Cutting Down on Gluten
In addition to genetic testing, some people reduce or eliminate gluten from their diet for three to four weeks to see how their body responds. You may notice you feel less tired or that you experience fewer stomach issues. Alternatively, even if you have the gene predisposing you for gluten sensitivity, you may not experience any side effects from eating gluten. Conducting a gluten elimination test may be a good place to start.
If you think you have a gluten sensitivity, you can still enjoy bread and cereal. There are several alternatives to gluten, including:
- Grains other than wheat. Healthy and gluten-free options include brown rice, quinoa, oats, and millet.
- This is a form of wheat with lower levels of gluten.
- Sourdough bread. During the fermentation process, some of the gluten protein breaks down. Depending on your level of gluten sensitivity, you may be able to enjoy sourdough bread.

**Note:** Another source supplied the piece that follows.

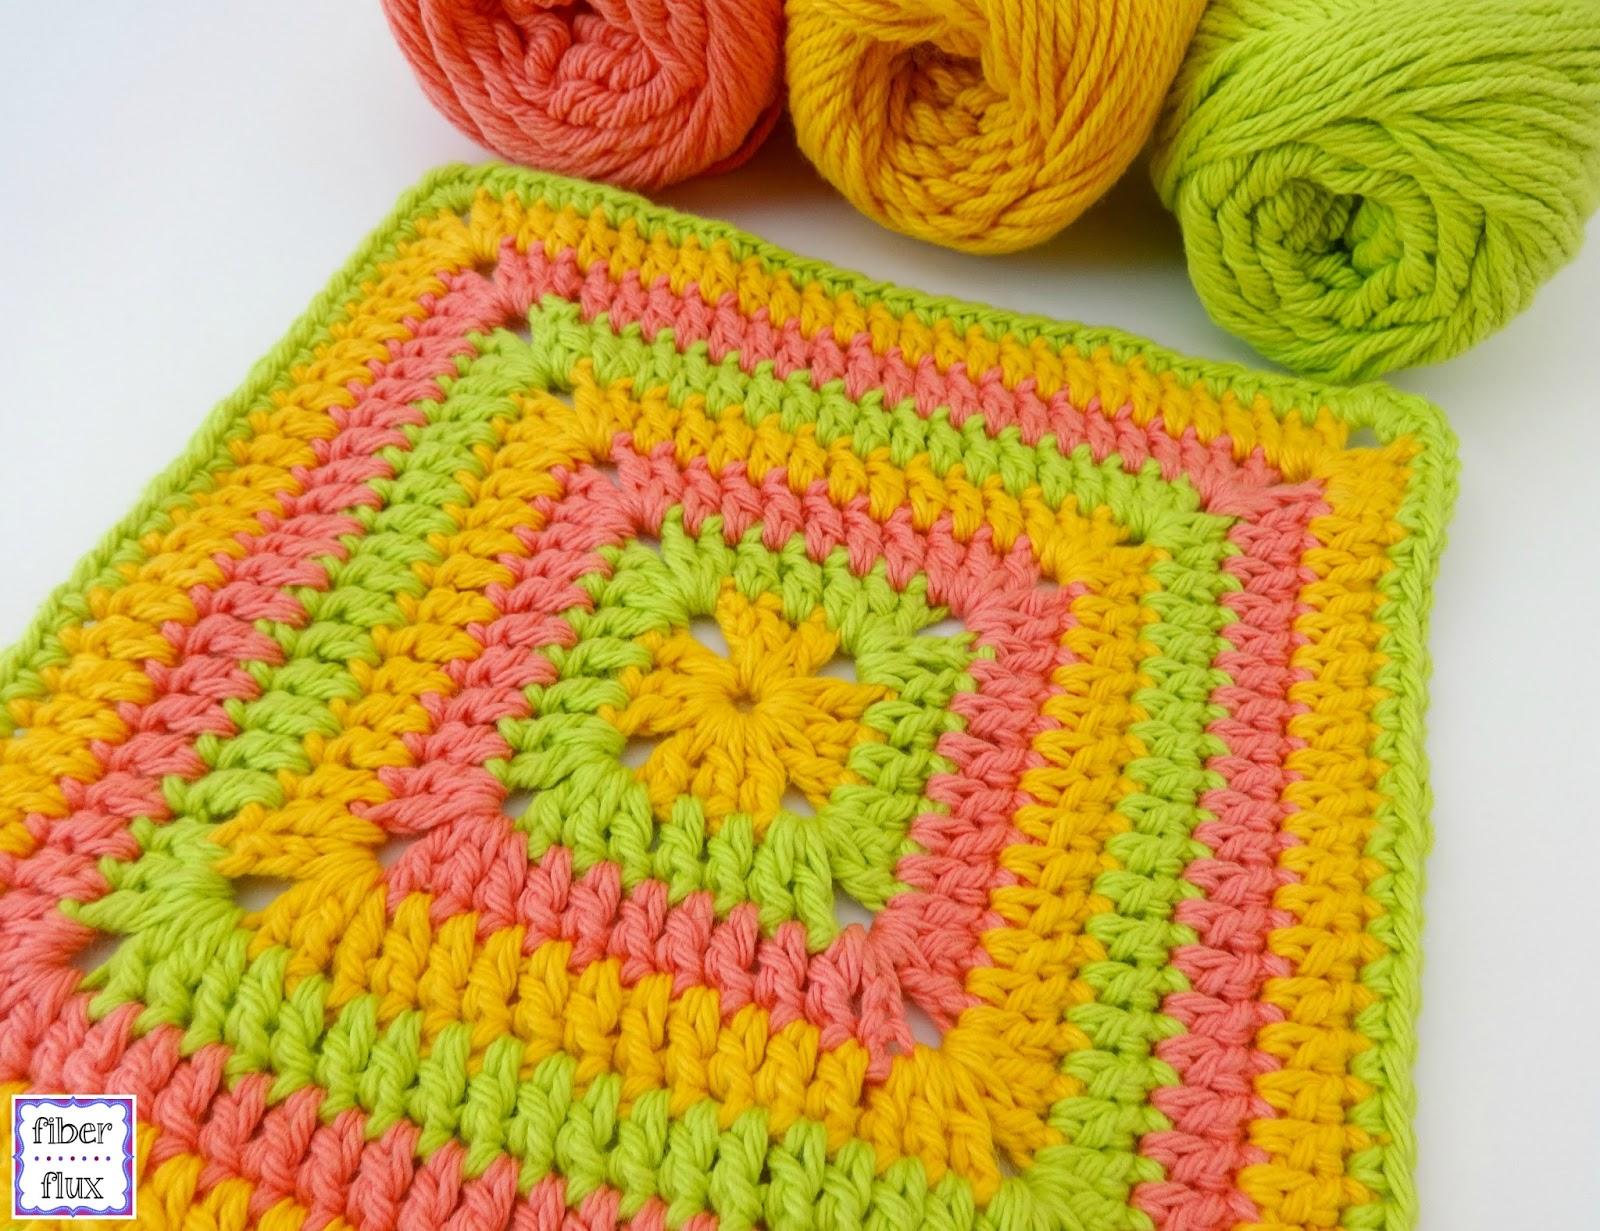 Fiber flux free crochet patternopical punch dishcloth free crochet patternopical punch dishcloth bankloansurffo Gallery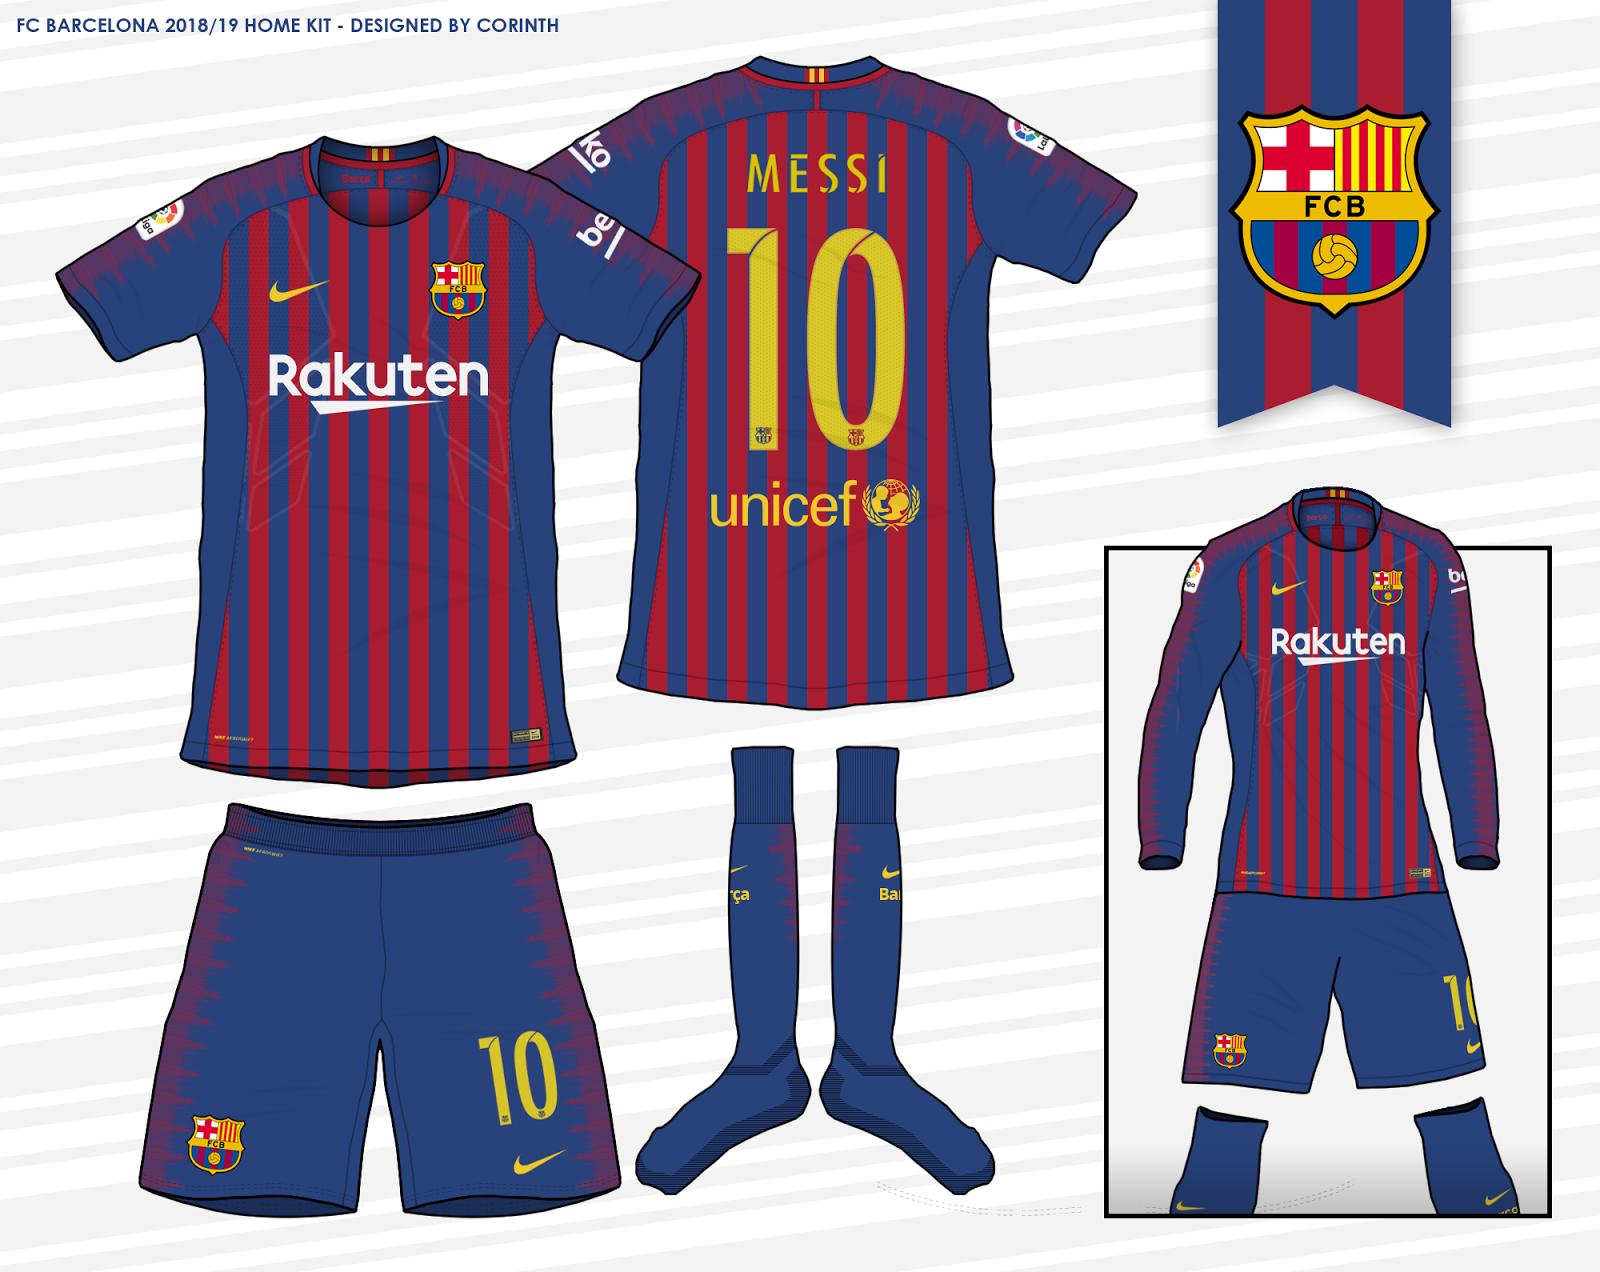 5929125cd Barcelona 2018 19 Home Kit according to leaks

- Sprouted flour. Sprouted wheat digests as a vegetable, rather than a protein, which is why some gluten-sensitive people can eat it without issues.
If you have celiac disease or are very gluten sensitive, always check food labels to make sure gluten hasn’t been added. Also, don’t reach for those gluten-free cookies, crackers, and pasta just yet. Many gluten-free products are higher in sugar, fat, sodium, and calories to make up for the lack of gluten and improve the flavor and texture.
The Truth About Gluten
While more and more people are talking about gluten, it doesn’t mean more people are becoming gluten-sensitive. Rather, as we learn more about how celiac disease can prevent itself and the genetics behind gluten intolerances, more people are getting testing done and exploring gluten-free diets.
Keep in mind that if you aren’t gluten-sensitive, a gluten-free diet isn’t necessarily healthier or more effective for losing weight. Before giving up gluten for good, consider speaking with your doctor about genetic testing or a temporary food elimination diet.